ARP reports events concerning:

  • Triples found in the input.
  • Errors in the input.
  • Namespace declarations.
  • Scope of blank nodes.

User code is needed to respond to any of these events of interest. This is written by implementing any of the relevant interfaces: StatementHandler, org.xml.sax.ErrorHandler, NamespaceHandler, and ExtendedHandler.

An individual handler is set by calling the getHandlers method on the ARP instance. This returns an encapsulation of all the handlers being used. A specific handler is set by calling the appropriate set...Handler method on that object, e.g. setStatementHandler.

All the handlers can be copied from one ARP instance to another by using the setHandlersWith method:

 ARP from, to;
 // initialize from and to
 // ...

 to.setHandlersWith(from.getHandlers());

The error handler reports both XML and RDF errors, the former detected by Xerces. See ARPHandlers.setErrorHandler for details of how to distinguish between them.

Configuring ARP

ARP can be configured to treat most error conditions as warnings or to be ignored, and to treat some non-error conditions as warnings or errors.

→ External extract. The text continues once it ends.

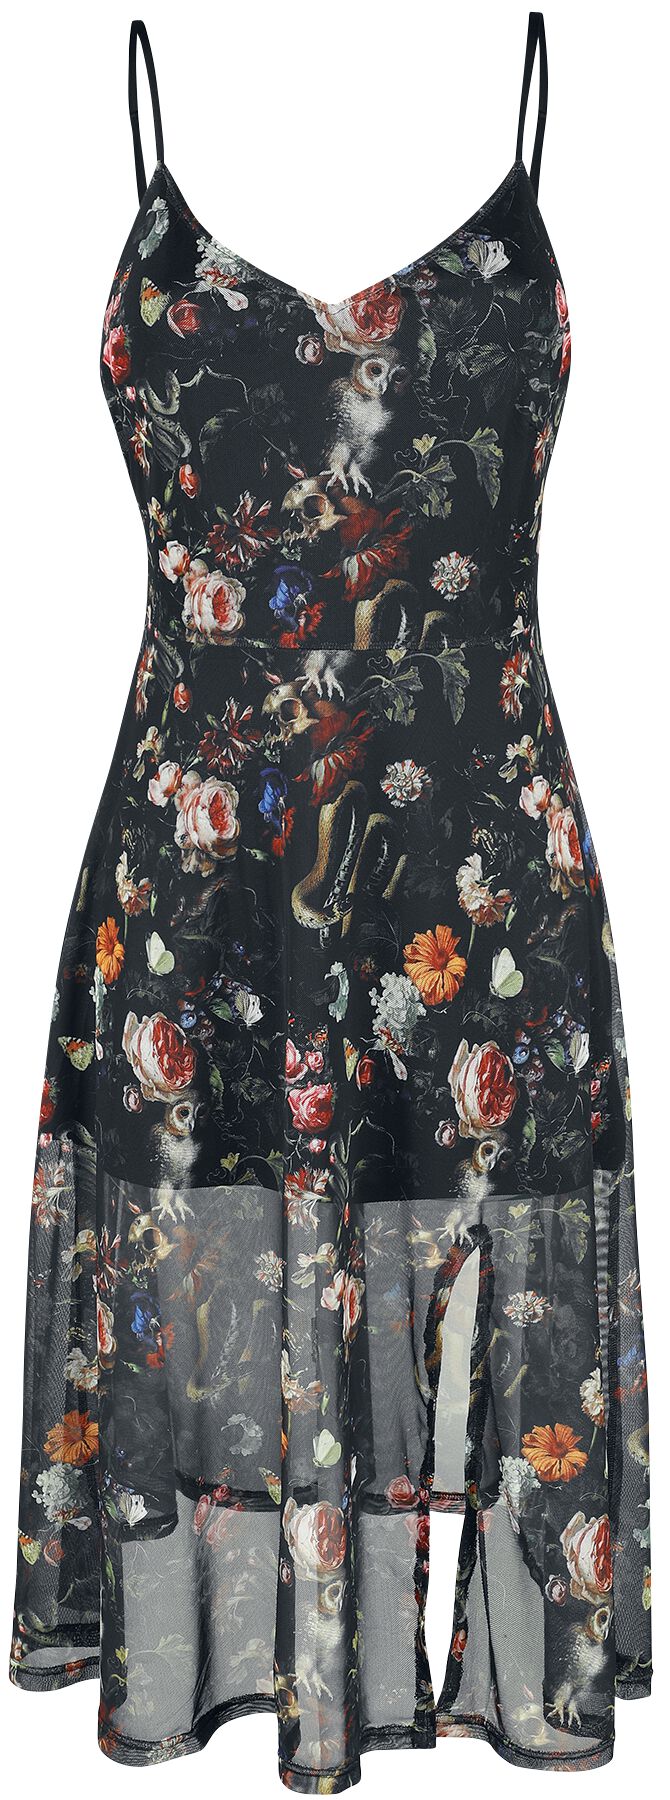 Jawbreaker - Gothic Kleid knielang - Night Garden Print Midi Dress - XS bis 4XL - für Damen - Größe L - multicolor
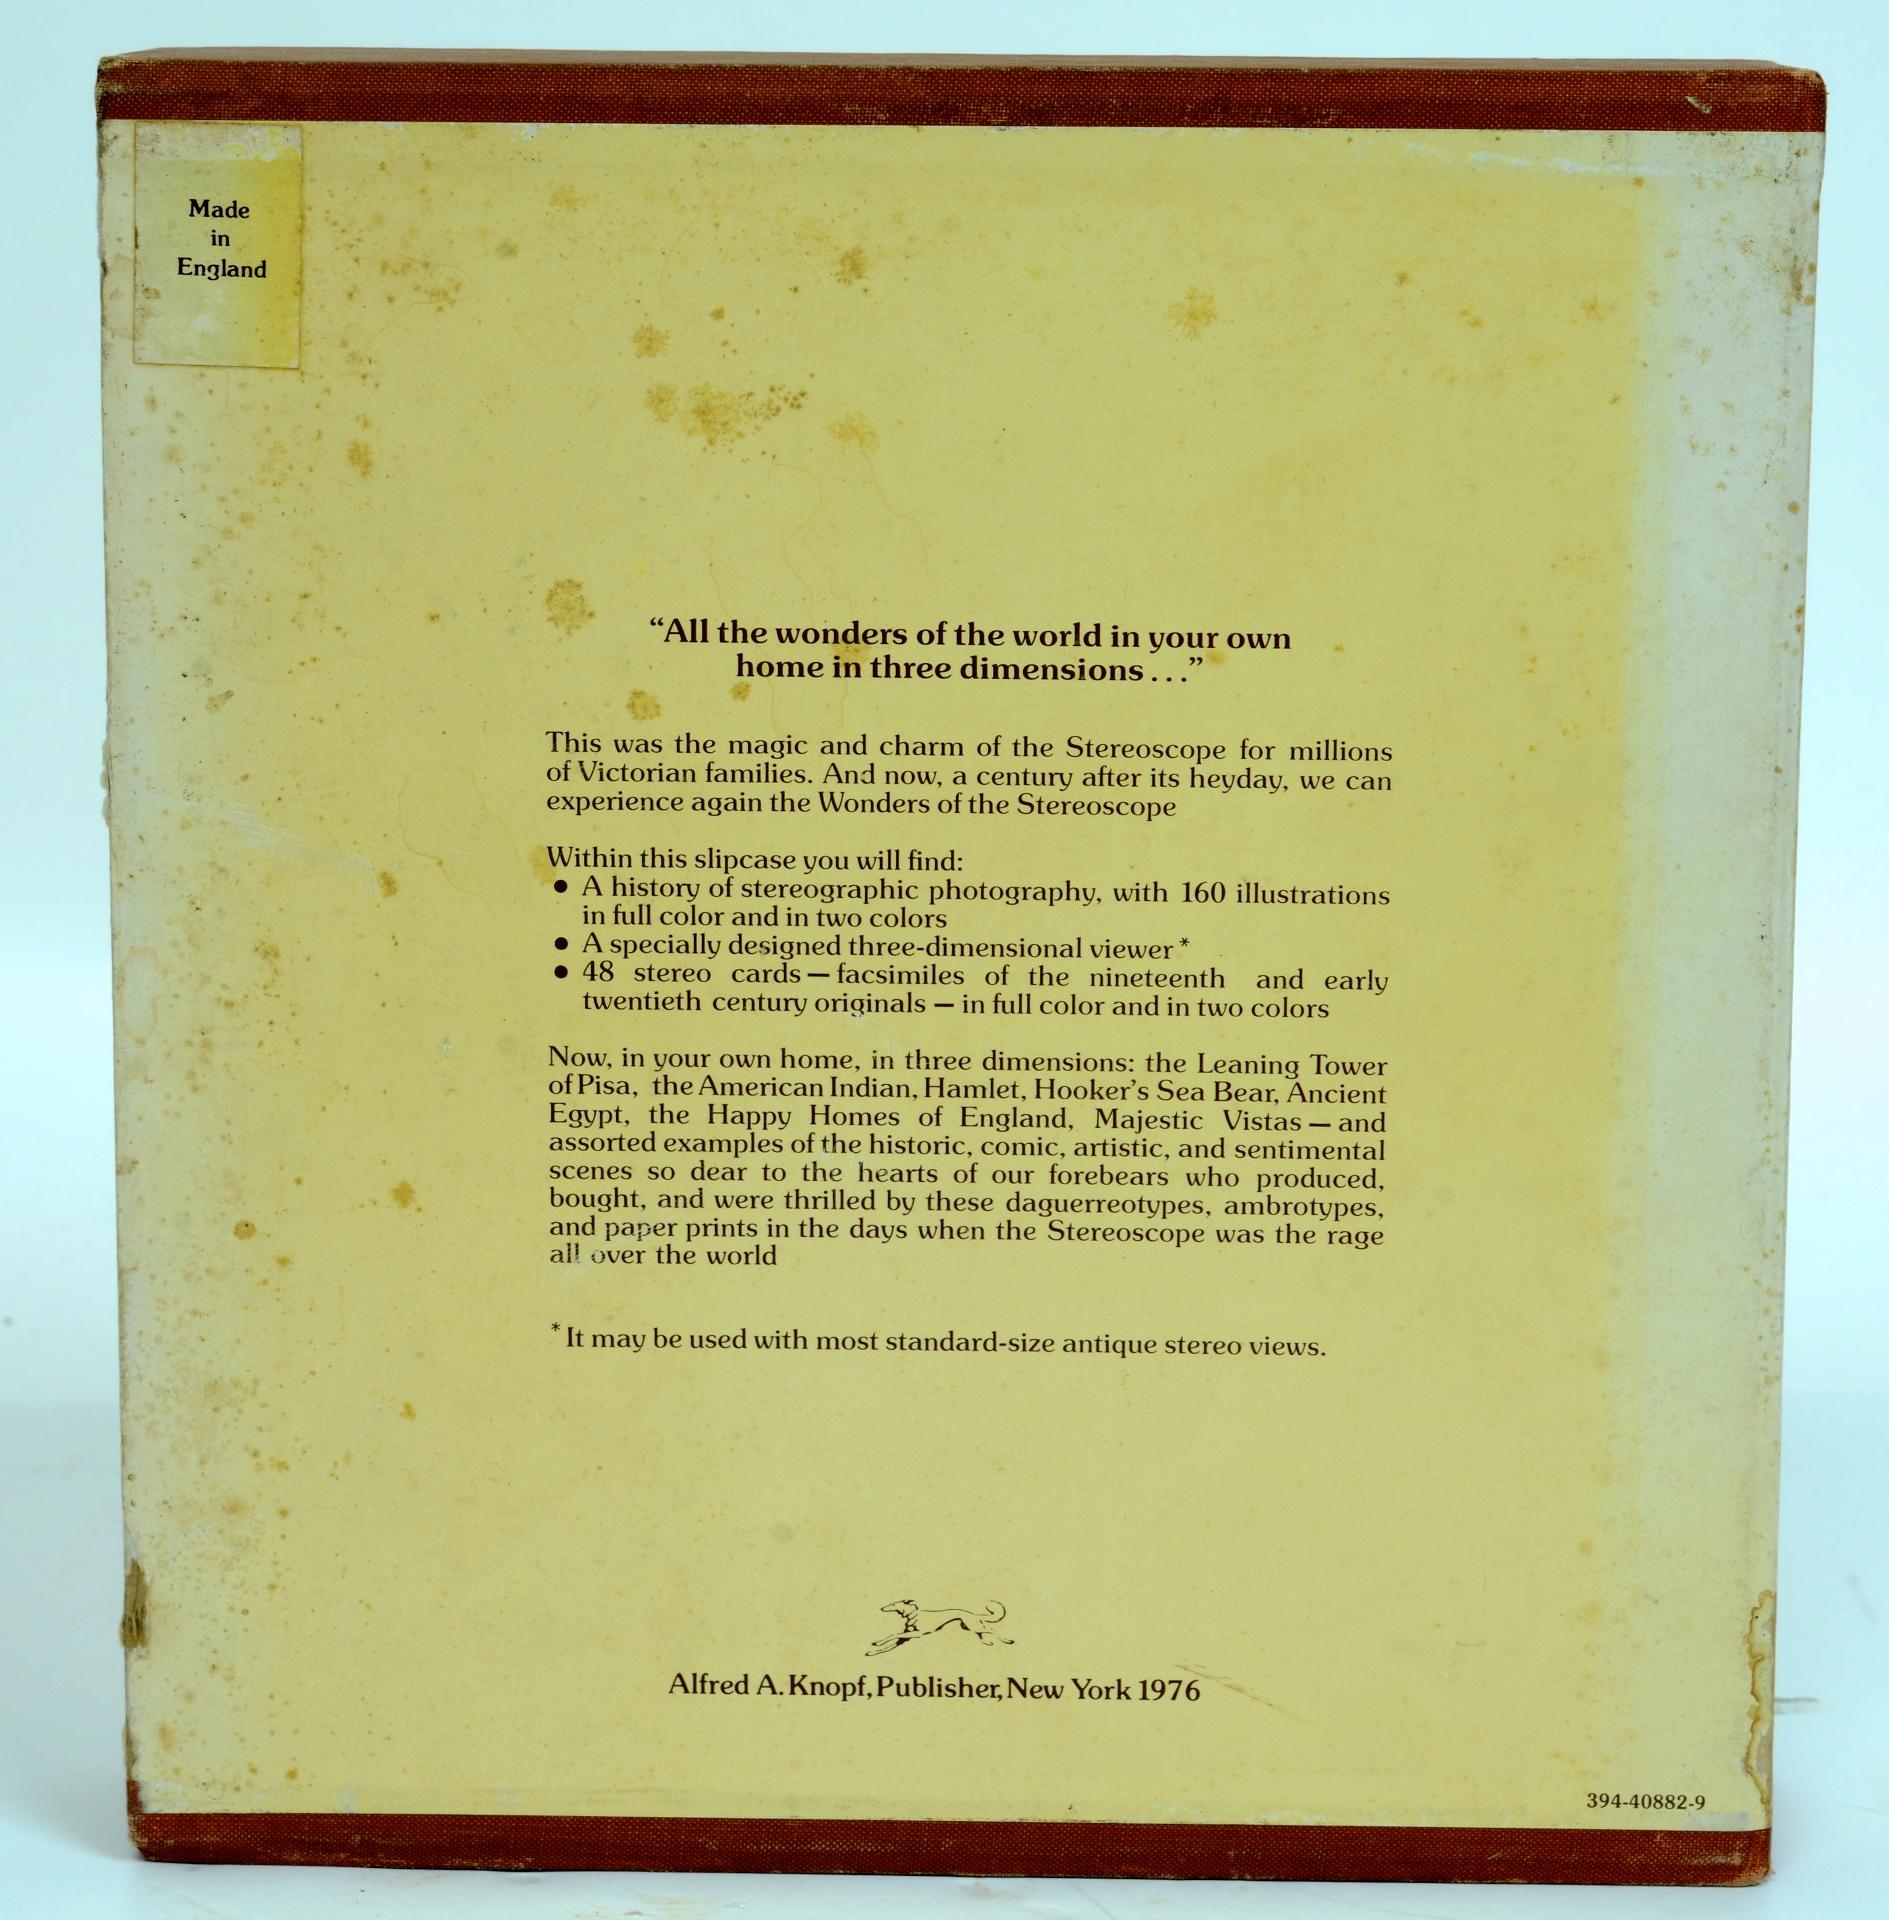 Les merveilles du stéréoscope, par John Jones. Afred A. Knopf, New York, 1976. 1ère édition sous couverture rigide avec étui d'origine contenant deux volumes avec visionneuse stéréoscopique et 48 cartes stéréo. Le volume 1 retrace l'histoire du

In addition, the behaviour in response to input that does not have an <rdf:RDF> root element is configurable: either to treat the whole file as RDF anyway, or to scan the file looking for embedded <rdf:RDF> elements.

As with the handlers, there is an options object that encapsulates these settings. It can be accessed using getOptions, and then individual settings can be made using the methods in ARPOptions.

It is also possible to copy all the option settings from one ARP instance to another:

 ARP from, to;
 // initialize from and to ...

 to.setOptionsWith(from.getOptions());

The I/O how-to gives some more detail about the options settings, although it assumes the use of the Jena RDFReader interface.

Interrupting ARP

It is possible to interrupt an ARP thread. See the I/O how-to for details.

Using Other SAX Sources

It is possible to use ARP with other SAX input sources, e.g. from a non-Xerces parser, or from an in-memory XML source, such as a DOM tree.

Instead of an ARP instance, you create an instance of SAX2RDF using the newInstance method. This can be configured just like an ARP instance, following the initialization section of the sample code.

This is used like a SAX2Model instance as described elsewhere.

Memory usage

For very large files, ARP does not use any additional memory except when either the ExtendedHandler.discardNodesWithNodeID returns false or when the AResource.setUserData method has been used. In these cases ARP needs to remember the rdf:nodeID usage through the file life time.